[Input data Boundary: Start]
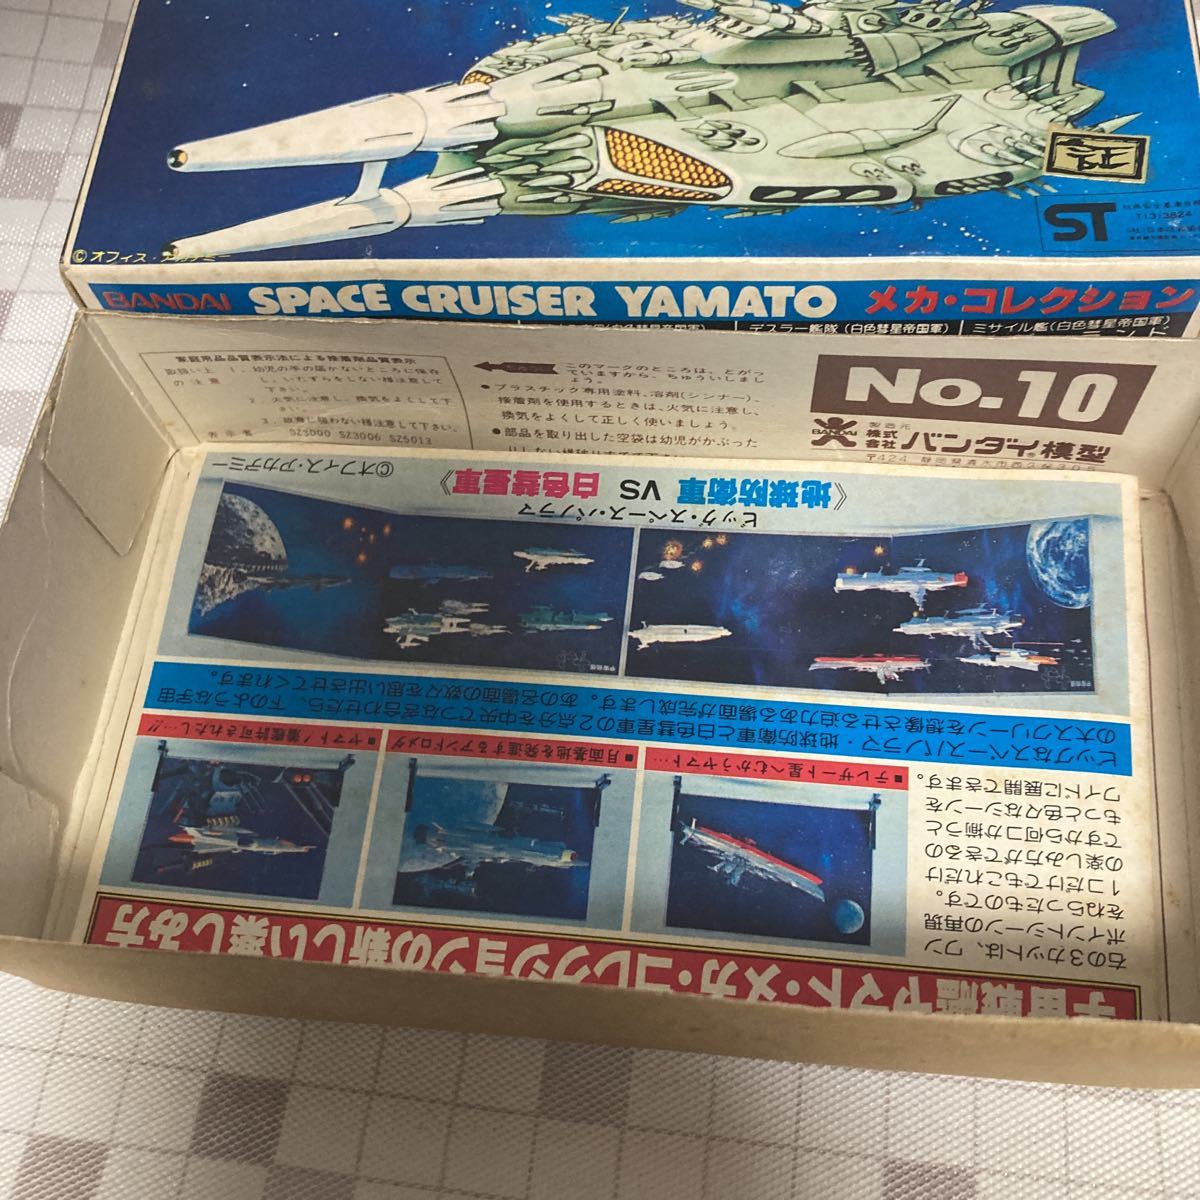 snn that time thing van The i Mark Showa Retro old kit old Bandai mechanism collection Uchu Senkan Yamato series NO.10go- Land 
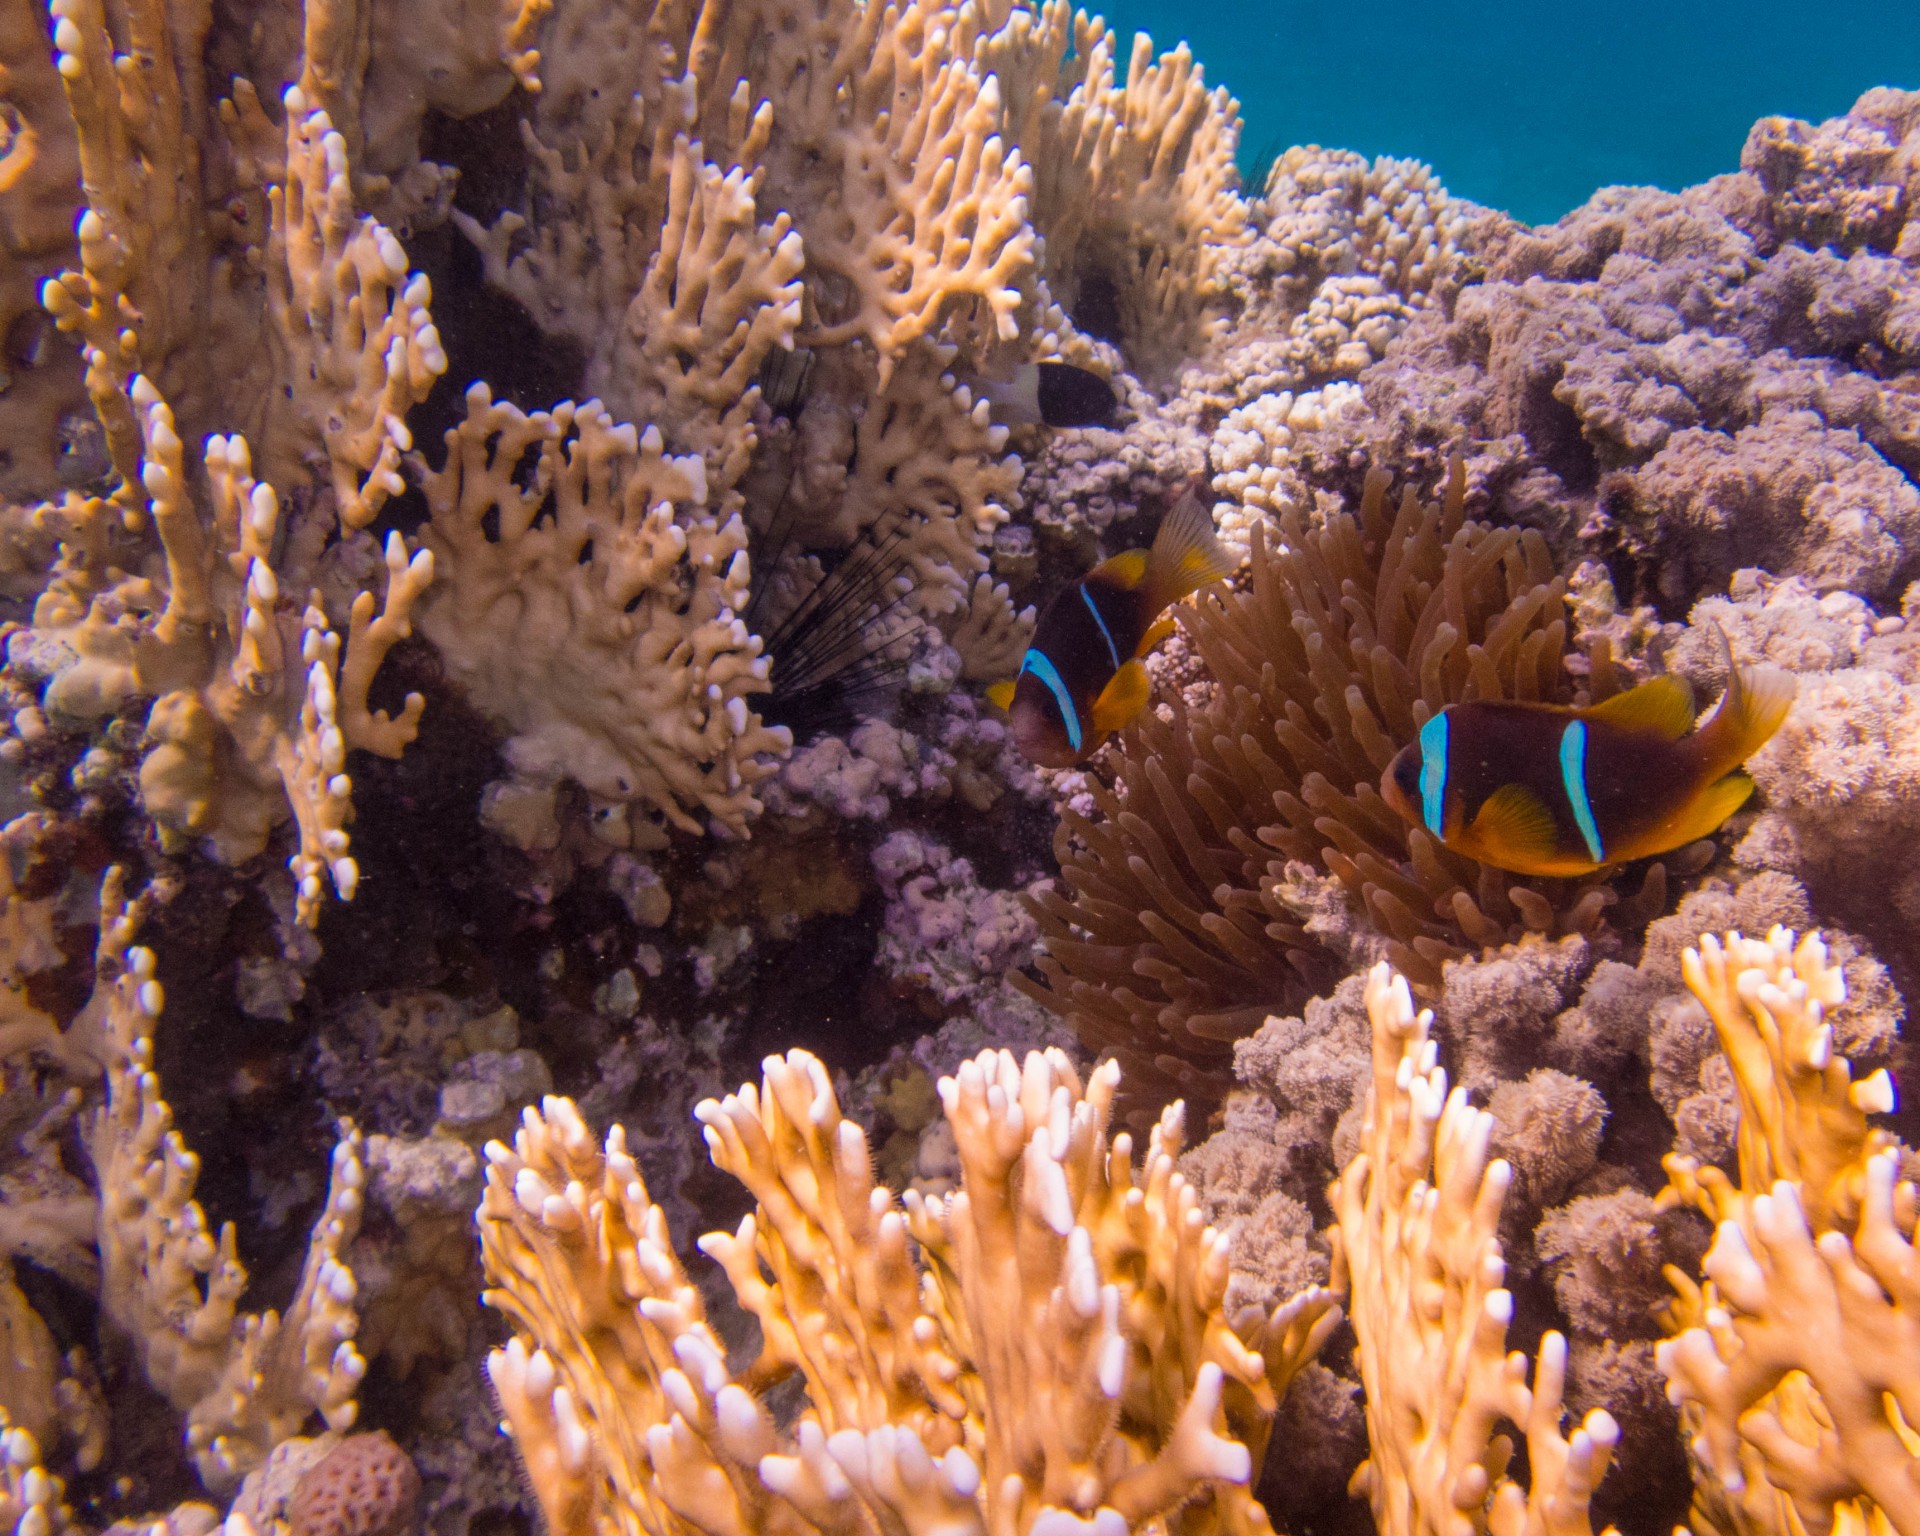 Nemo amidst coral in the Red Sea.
[Input data Boundary: End]
[Input data Boundary: Start]
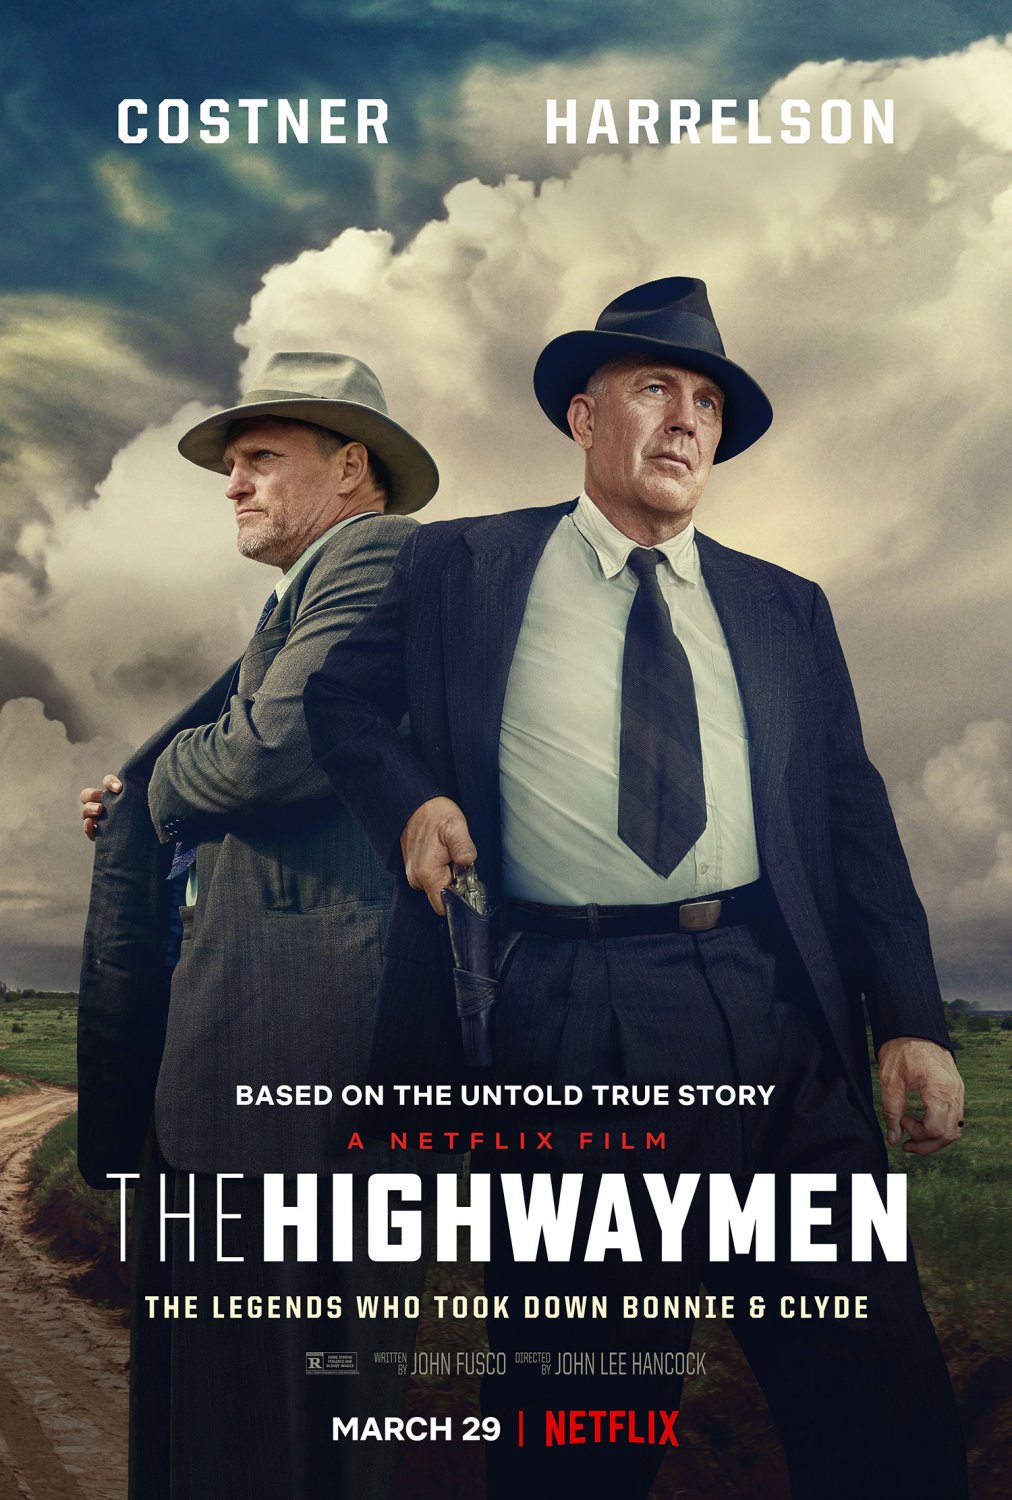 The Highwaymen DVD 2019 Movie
[Input data Boundary: End]
— Problem to solve —
Go down the entries above from the line containing "snn that time" to the line containing "Nemo amidst coral in the Red Sea." and write out each line exactly, leaving pictures out.

— Reply to the exercise —
 snn that time thing van The i Mark Showa Retro old kit old Bandai mechanism collection Uchu Senkan Yamato series NO.10go- Land 
 Nemo amidst coral in the Red Sea.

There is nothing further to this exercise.